Amelia takes my hand for a handshake that feels very practiced. “Hayes and I got married in second grade.”

“Oh, that must’ve been adorable.” I beam at her. “I married my dog when I was nine. My sister and I were arguing over who got to be the bride and who had to be the bridesmaid, so we decided to take turns, but when Mom heard me talking about a honeymoon with Oreo, she freaked out over what the neighbors would think, so Hyacinth never got to be Oreo’s second wife.”

Hayes chuckles, and the sound wraps around me like a blanket made of chocolate lava cake. “Isn’t she adorable?”

“Quite…normal.” If Giovanna’s appalled, she’s hiding it well.

Amelia shakes her long, thick hair and smiles a vulture’s smile at me. “You probably shouldn’t tell that story in mixed company if you don’t want stories about yourself having sex with a dog spread across the tabloids. Have you ever dated someone famous, Begonia?”

“Just Oreo. He ate the mayor’s wife’s roses and made the local papers for it. Mostly because he wasn’t smart enough to stop after the first thorn made his tongue bleed.” I turn my beaming smile up at Hayes, and yes, I’m well aware that my dog being famous has nothing on the level of fame these people deal with every day. “But I’m attracted to smarter creatures now. And Oreo’s tongue was okay. It wasn’t as bad as the news made it sound. Plus, he was recovering from the ol’ snip-snip and still had a lot of painkillers in his body when it happened.”

The looks on their faces are priceless.

I can’t wait to tell Hyacinth that Jonas Rutherford’s mother will never forget me.

Obviously, I’d prefer it was for a better reason, but a girl has to work with what she’s got. And honestly? The idea of the whole Rutherford family sitting around a Christmas tree, fire roaring, laughing about that time Hayes pretended to be dating a girl who married her dog who went small-town viral when he was drugged-up and snip-snipped brings me a little joy.

Do people on Fifth Avenue talk about the things their pets do that aren’t normal or polite?

They always seem so stiff, like they need the little things to laugh at.
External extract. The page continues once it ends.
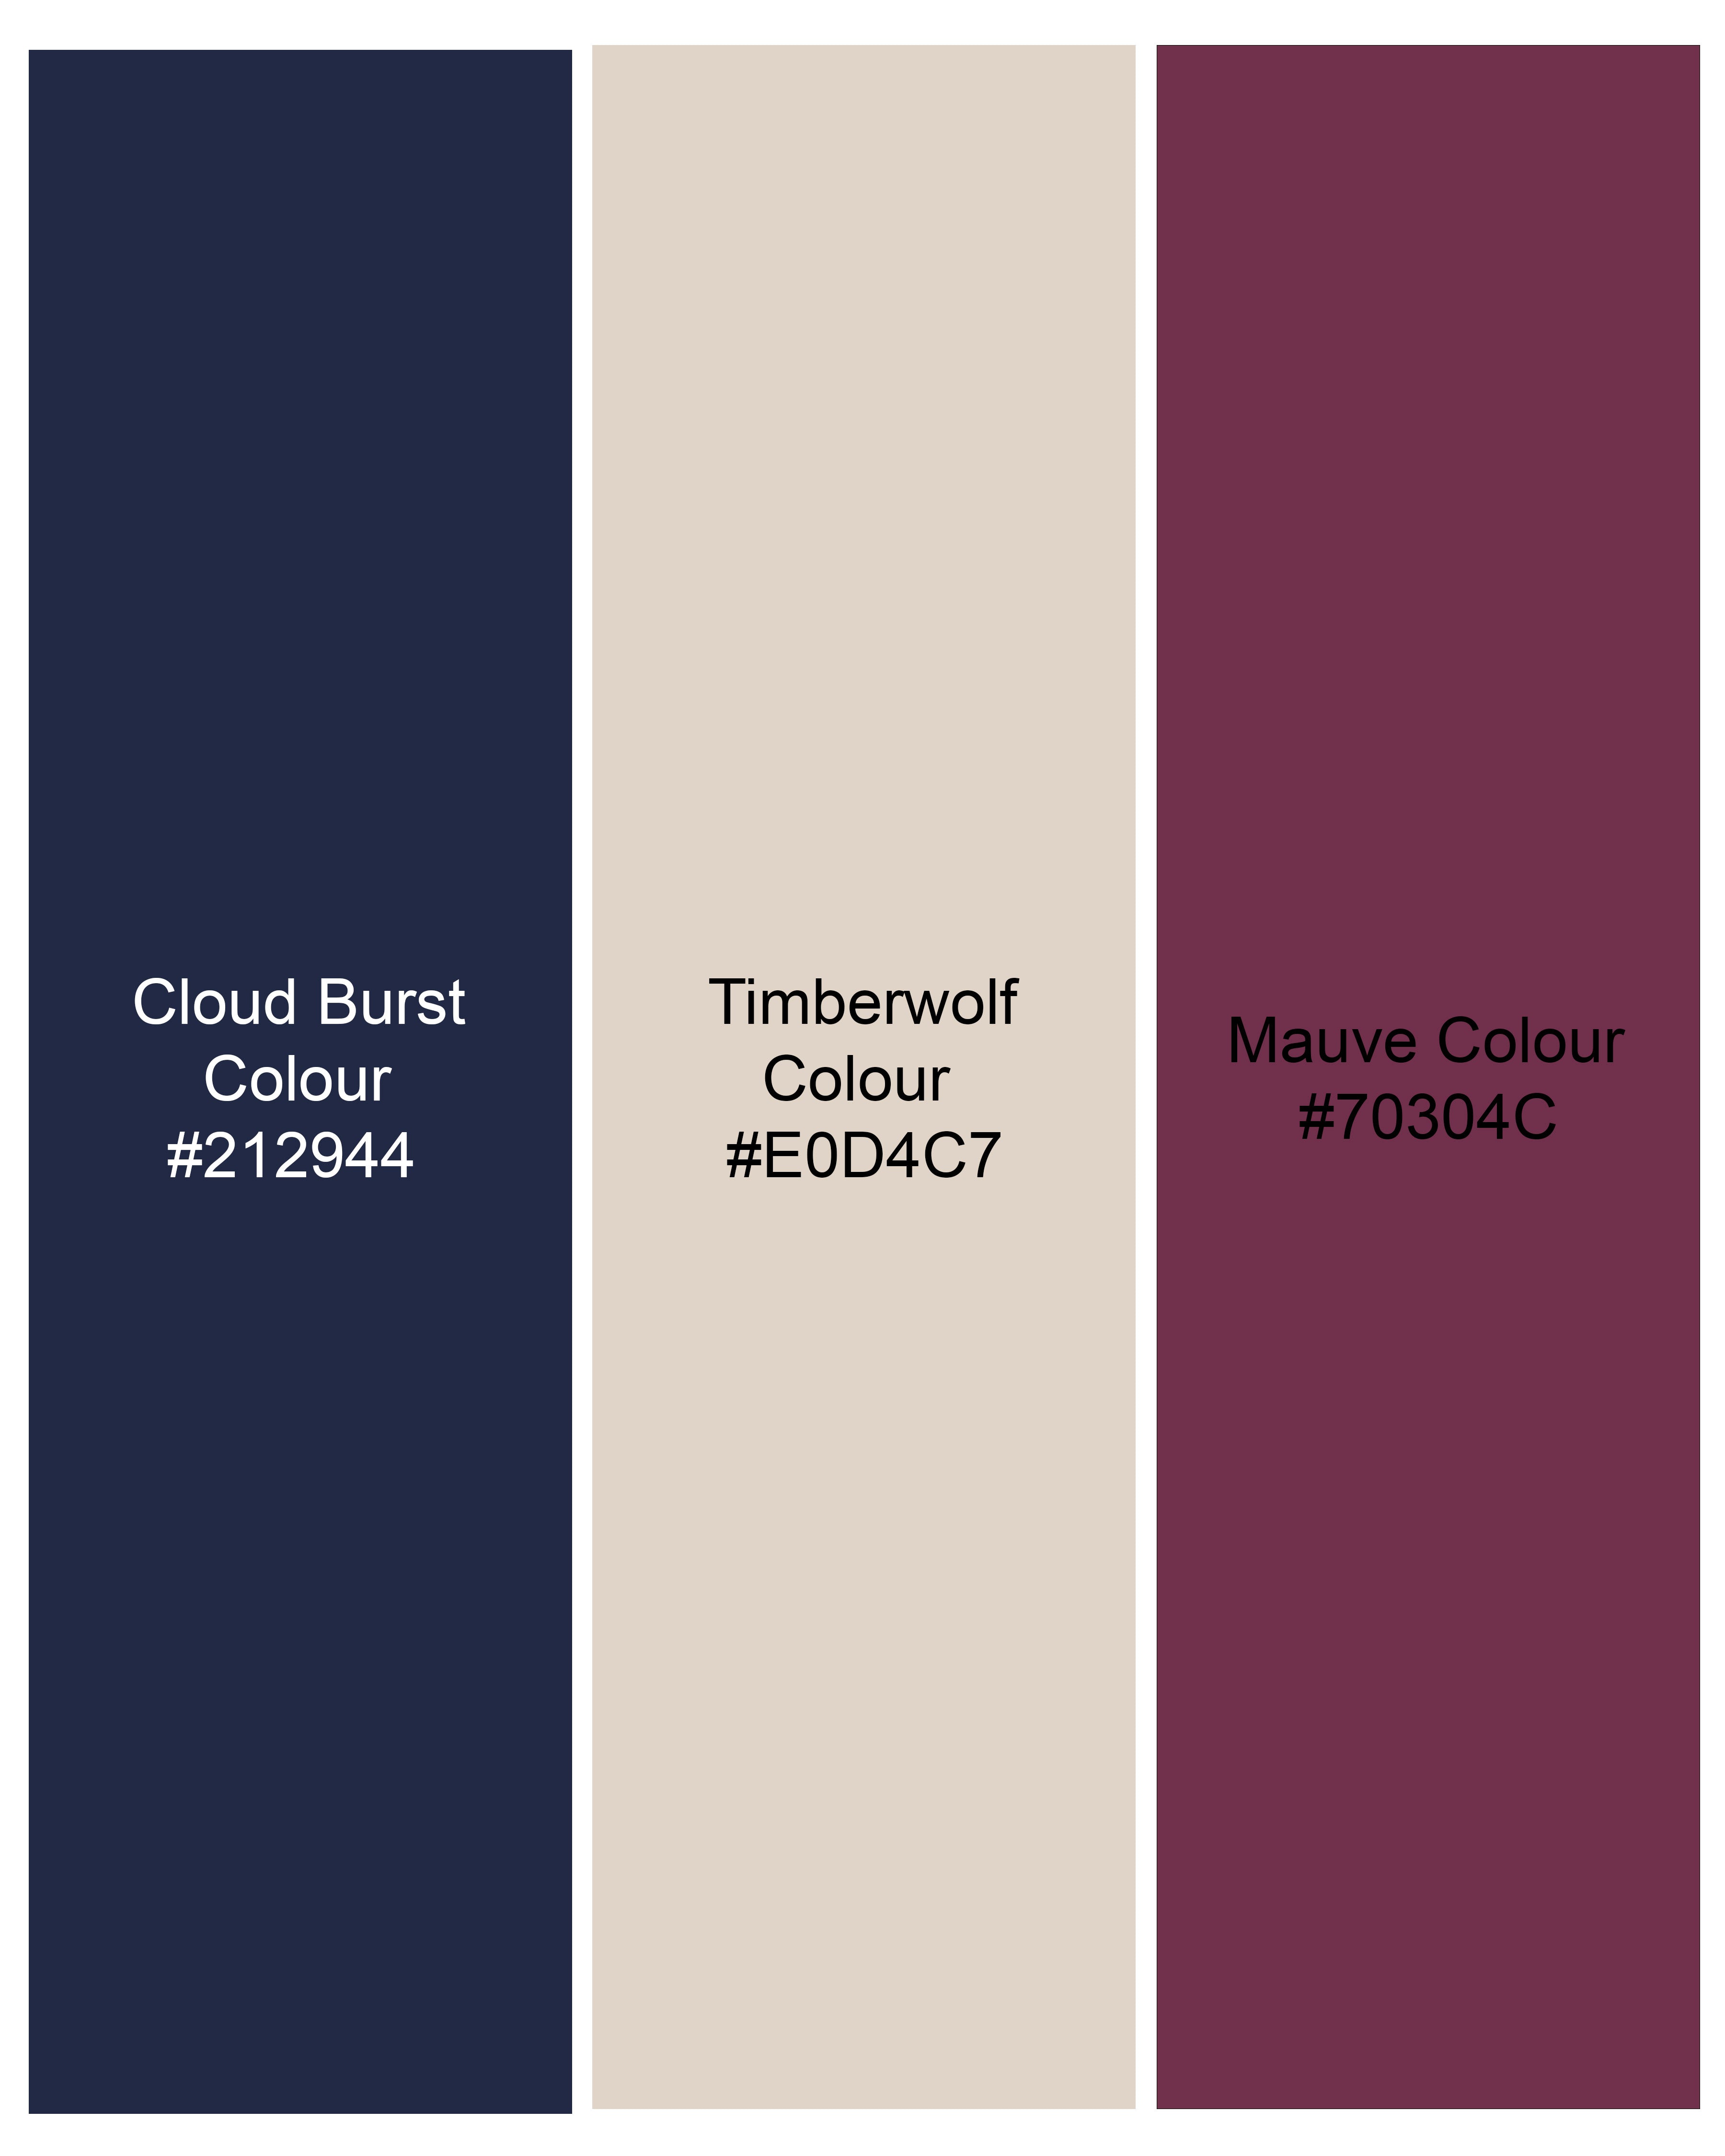 Cloud Burst Blue with Timberwolf Brown Plaid Twill Premium Cotton Shirt 9520-38, 9520-H-38, 9520-39, 9520-H-39, 9520-40, 9520-H-40, 9520-42, 9520-H-42, 9520-44, 9520-H-44, 9520-46, 9520-H-46, 9520-48, 9520-H-48, 9520-50, 9520-H-50, 9520-52, 9520-H-52

“Are any of you hungry?” I ask. “I think we have crackers. There was, erm, a refrigerator malfunction, so we’re out of butter. I can use the house phone to order a Tuber to have some lobster rolls delivered. Have you had the lobster rolls from Clickety Clack? They’re delicious. And I think it’s adorable that there’s a local named Mr. Tuberman who runs the Tuber. It’s like Uber, but not.”

“They know where Clickety Clack is if they’re hungry, darling,” Hayes says.

Giovanna’s lips go flat and tight.

“Don’t be a bear,” I whisper to Hayes. “They’ll think I’m a bad influence.”

“It’s not you, Bernardia,” Amelia says.

Begonia,” Hayes corrects. “Though I prefer to think of her as my bluebell.”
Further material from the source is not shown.